Analysis of covariance-adjusted between-group means and standard deviations will be extracted in preference to between-group differences in change scores, and between-group differences in change scores will be extracted in preference to between group differences in final scores. If studies reported data as medians and interquartile ranges, medians will be used as a surrogate for means and standard deviations were estimated as 80% of the interquartile range (studies which do not report an interquartile range (IQR) will be excluded from the meta-analysis). For continuous outcome measures, a pooled estimate of treatment effect will be determined by calculating the mean difference and the corresponding 95% CIs. For dichotomous outcome measures, a pooled estimate of treatment effect will be calculated for each outcome across studies using risk ratio where appropriate and the corresponding 95% confidence intervals (CIs). Time-to-event data will be analyzed using the hazard ratio and 95% CIs as required. When conducting a meta-analysis combining results from crossover studies, the first-arm data only will be used. In the event of missing, incomplete or unclear data, the original investigators will be contacted. If it is not possible to obtain the necessary data for analysis, the study results will be described in the text and will not be included in the meta-analysis.

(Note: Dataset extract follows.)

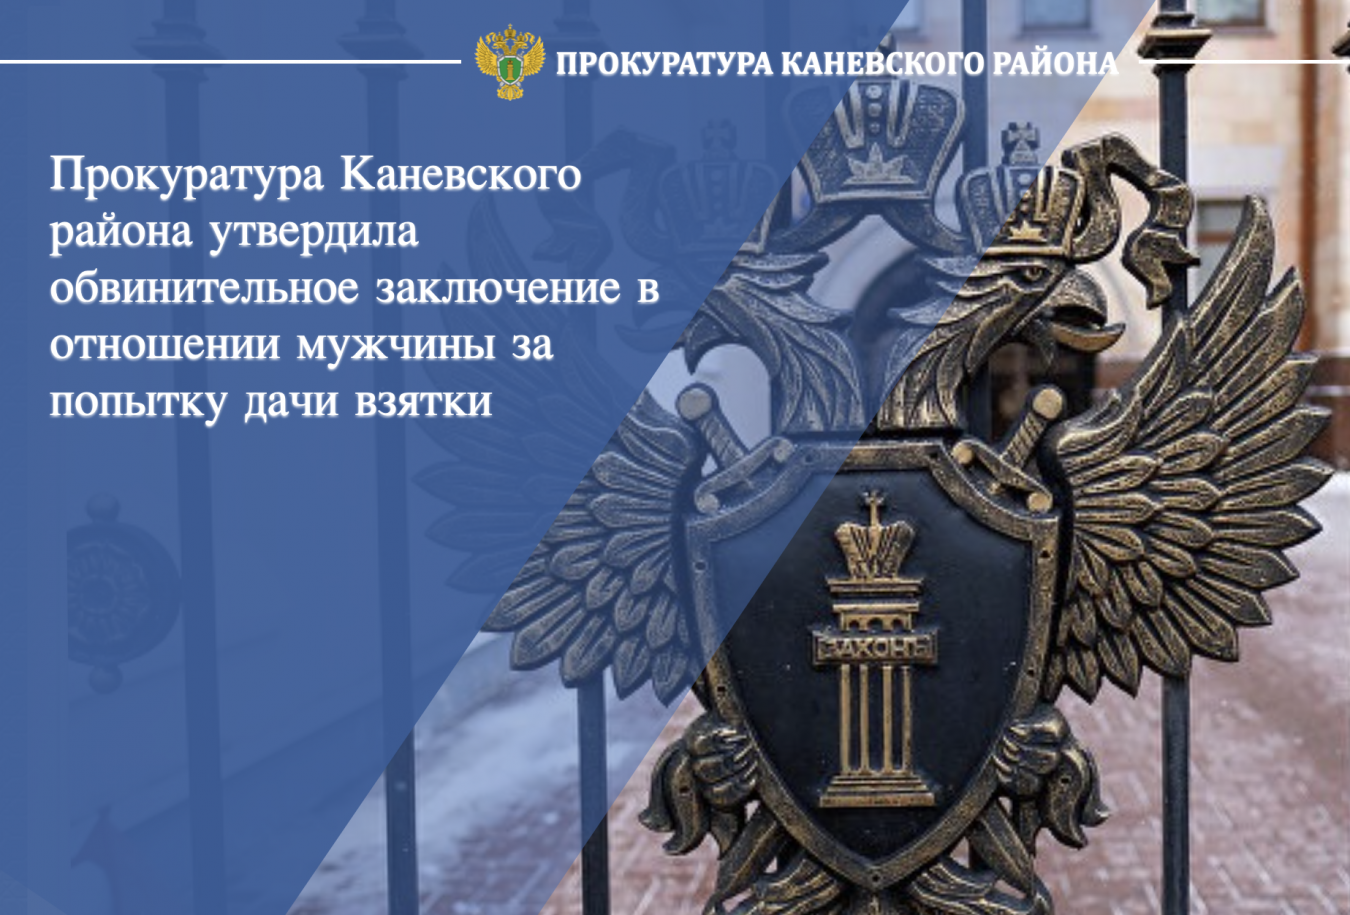 Прокуратура Каневского района утвердила обвинительное заключение в отношении мужчины за попытку дачи взятки 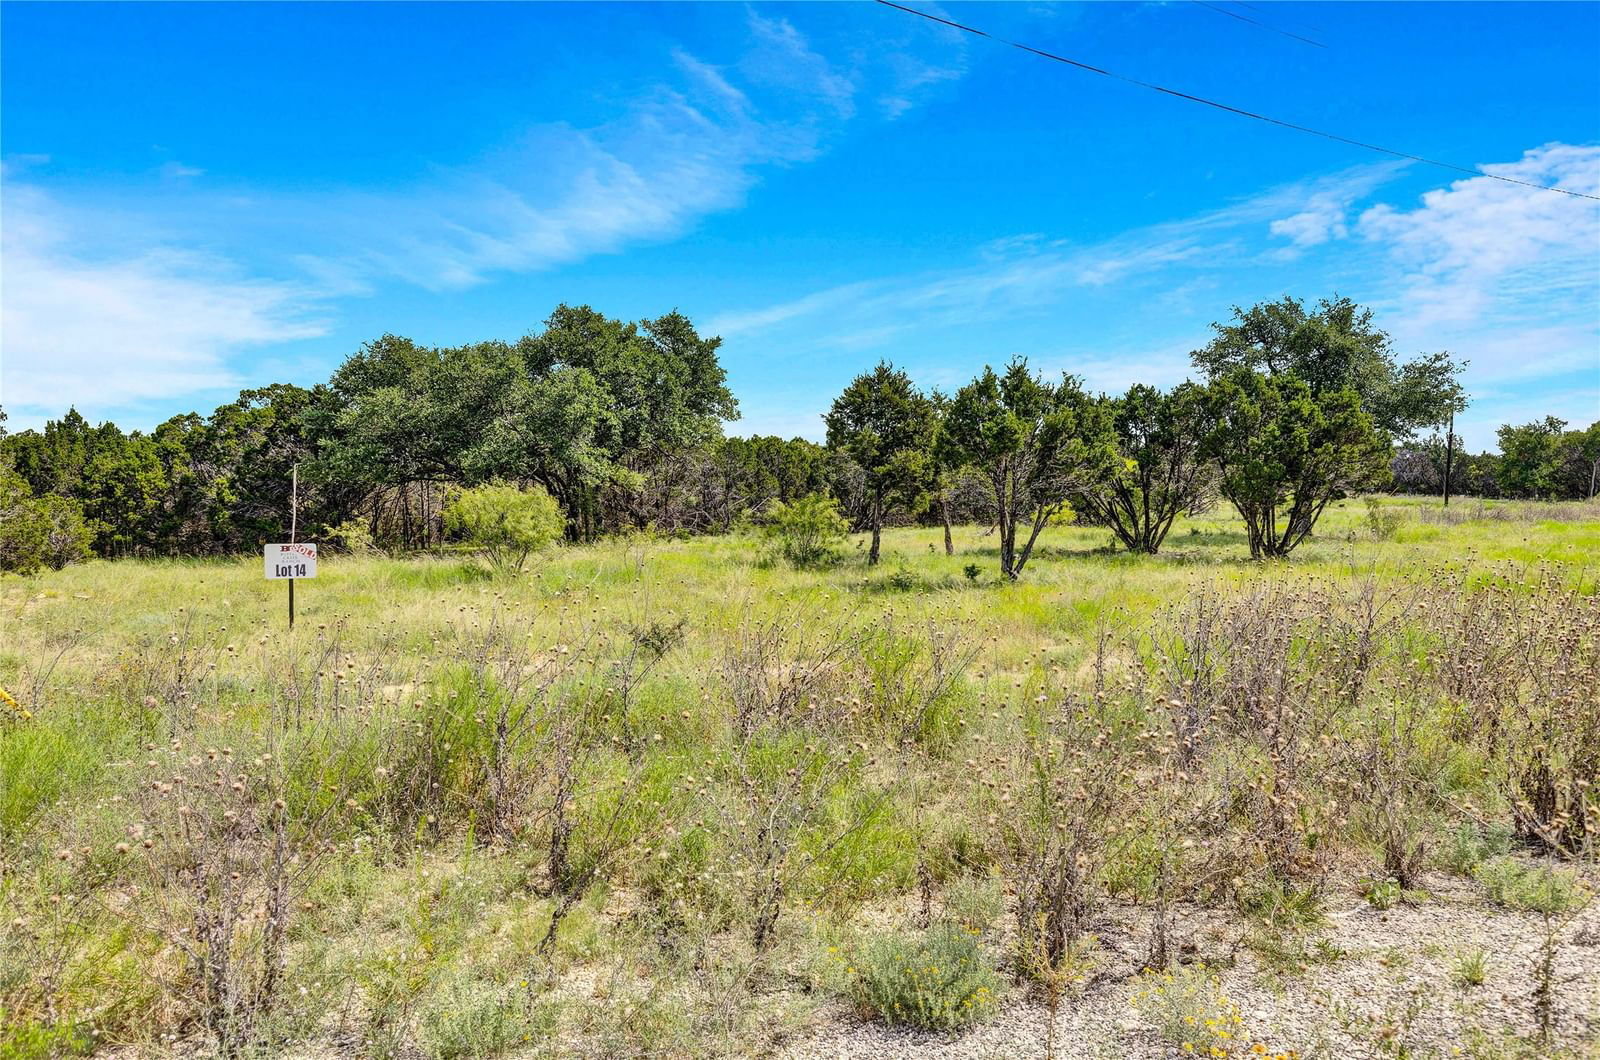 Real estate property located at 443 Deer Run, Coryell, Buffalo Creek Ranch, Evant, TX, US

When there are at least two clinically homogenous studies (studies which investigated the effect of similar interventions on similar populations and reported similar outcomes) meta-analysis will be considered. In such circumstances, the I2 statistic will be used to quantify the heterogeneity of outcomes and informed decisions about whether to pool data. Where I2 is greater than 30% in the presence of significant chi-squared test result (P-value < 0.10), this will be interpreted as indicating heterogeneity
. If there is significant heterogeneity (over 50%), data will not be pooled.
We will enter data extracted from included studies into RevMan software
. Meta-analyses of clinically homogenous therapies will be conducted using a fixed-effects model. Where heterogeneity is substantial (I2 > 50%), the possible causes of heterogeneity will be explored in sensitivity analyses in which individual studies will be omitted one at a time. Should heterogeneity not be able to be explained, a random-effects model will be used.
The robustness of our results will be tested through sensitivity analyses excluding unpublished studies, small studies and studies with a PEDro score less than 5.